We set out to do what so many before us have and what so many more will do.  We searched for a house that we could afford in a “nice” town with a “good” school district and a yard.

After viewing about thirty houses in about five different northwest suburbs over three consecutive Sundays, we finally looked at the house where I am writing this nearly seventeen years later.  For those of you younger than I, the housing market in the Chicago suburbs in fall 2001 was f-ing nuts.

Our agent would call us at home at 9:00 PM on a Friday or Saturday night about a new listing just posted.  We would meet her there at 9:00 AM the next morning an hour west from our apartment.  

My wife and I would quickly consult and then submit an offer right around the asking price.  We had told her that our upper limit was $200,000, so of course all of the houses that we looked at were listed for $205,000, $210,000 or a bit higher.

Twice we were outbid within minutes of submitting our bid and, both times, we were not able to match the offers being submitted.

It was not high-priced real estate that we were pursuing, but we still felt that we could not match the financial strength of those who we were competing against for those decent houses in “nice” towns with “good” school districts and nice backyards.  For a price just around 200 K.  

Eventually, we submitted a bid that was accepted for the home where I am writing this post.

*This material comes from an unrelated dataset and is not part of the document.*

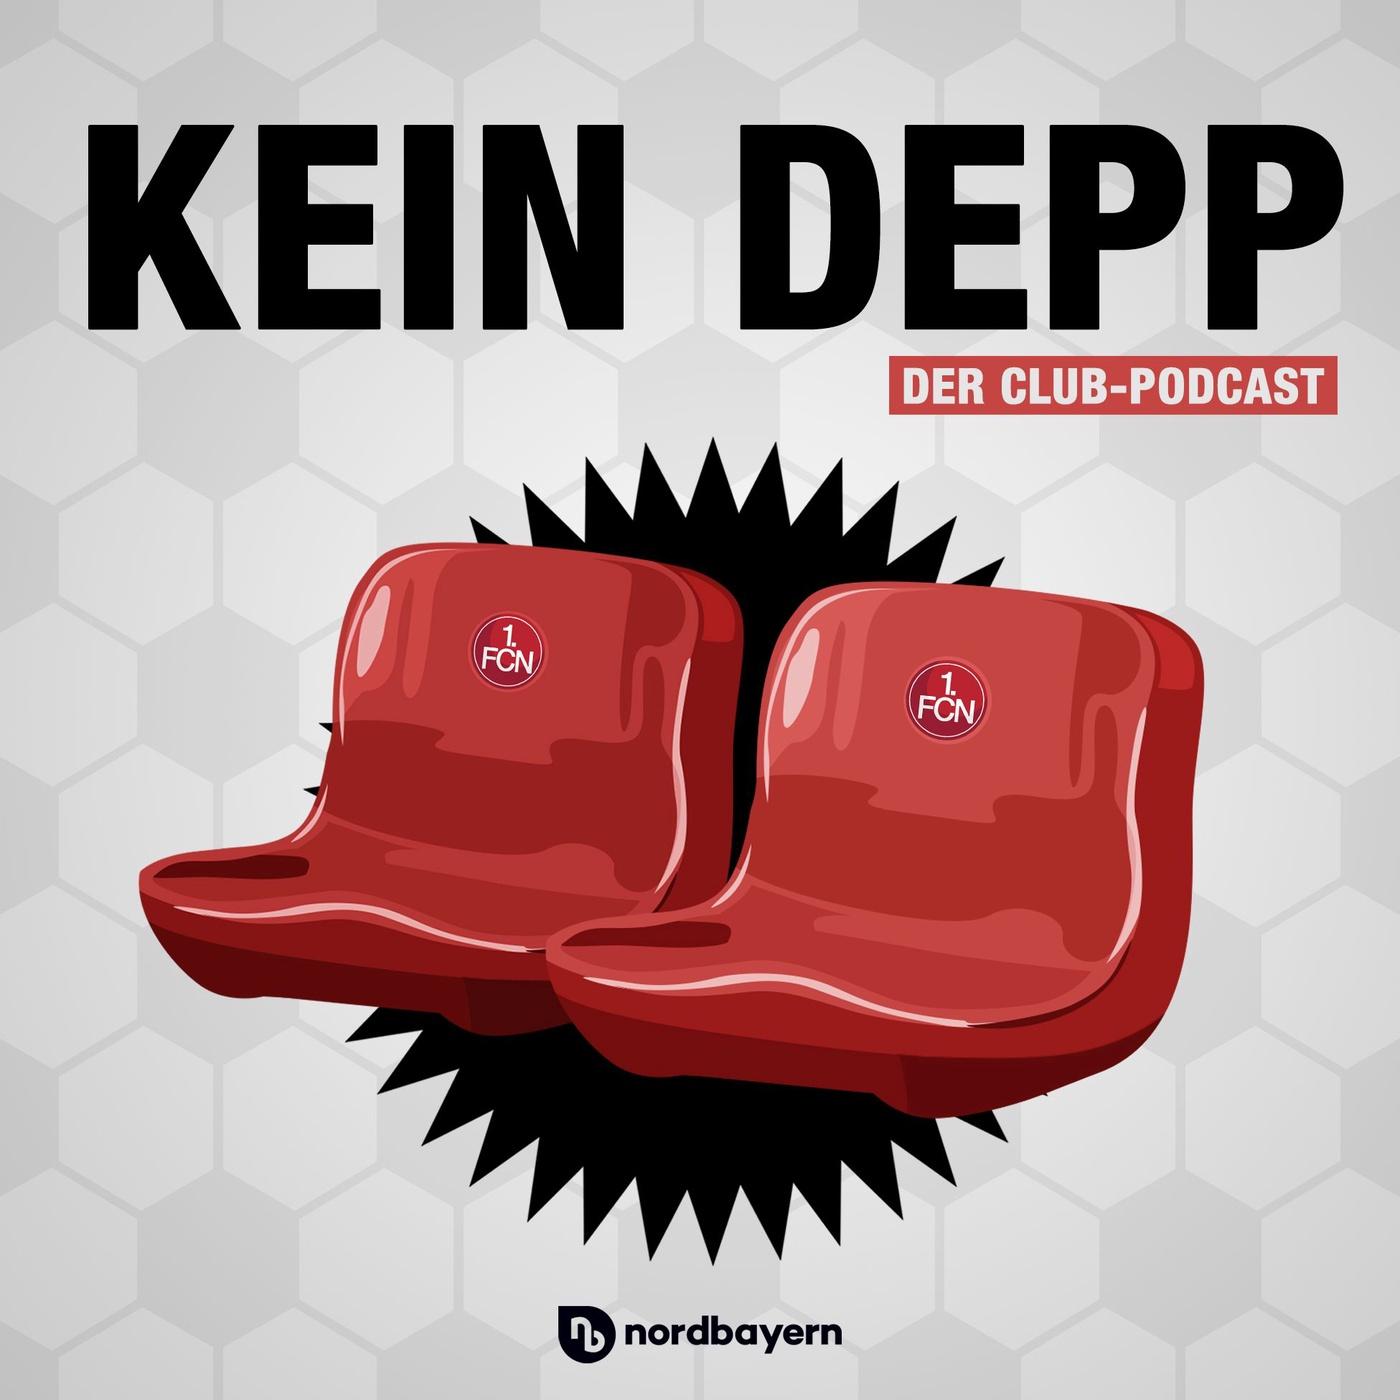 Ka Depp - Der Club-Podcast von nordbayern.de

It was not as if we purchased our dream home, but it did tick off the criteria of being in a so-called “good” town.  The school district is actually very good, perhaps even great, and is often listed among the best districts in the State.  Both of our children attended a magnet school in the district with a curious mixture of the highest-achieving kids in our district and those who could not “fit in” at the other schools for whatever reason. 

Our home has a good-sized front yard and back yard combining to over 10,000 square feet of grass for our almost one-third acre lot.  Mostly, it is a gigantic pain in the ass to mow.  But it makes me happy when anyone in our family can enjoy some leisure time in our back yard.  My little baby, our Morkie, loves the yard and protects it fiercely should you happen to walk by.

But this is not about our yard.  It is about cable.

We moved into our home on Labor Day just days before 9/11.

As a matter of fact, my wife did not know about 9/11 for a few hours after it happened due to our lack of TV and not listening to radio.  Smartphones did not really exist back then, nor did the social media feeds where she gets most of her news now.

We did own the old Triniton that I still use occasionally now and an even smaller TV, but we did not yet have either of them plugged in or an antenna to catch the TV waves out of the air.

We actually went for more than five years without cable TV, relying on the dog ears purchased at Radio Shack to capture grainy pictures of the local networks that broadcast throughout my childhood: CBS, NBC, ABC, WGN, Fox, WFLD and a bunch of high-numbered stations, some of them in Spanish.

What finally got me to dial up Comcast was Da Bears making the Super Bowl in February of 2007.  I did not want to go to a bar to watch it and we were not invited to any Super Bowl parties.  I just wanted to be able to watch it in my own basement on my own TV while drinking beer that I purchased myself.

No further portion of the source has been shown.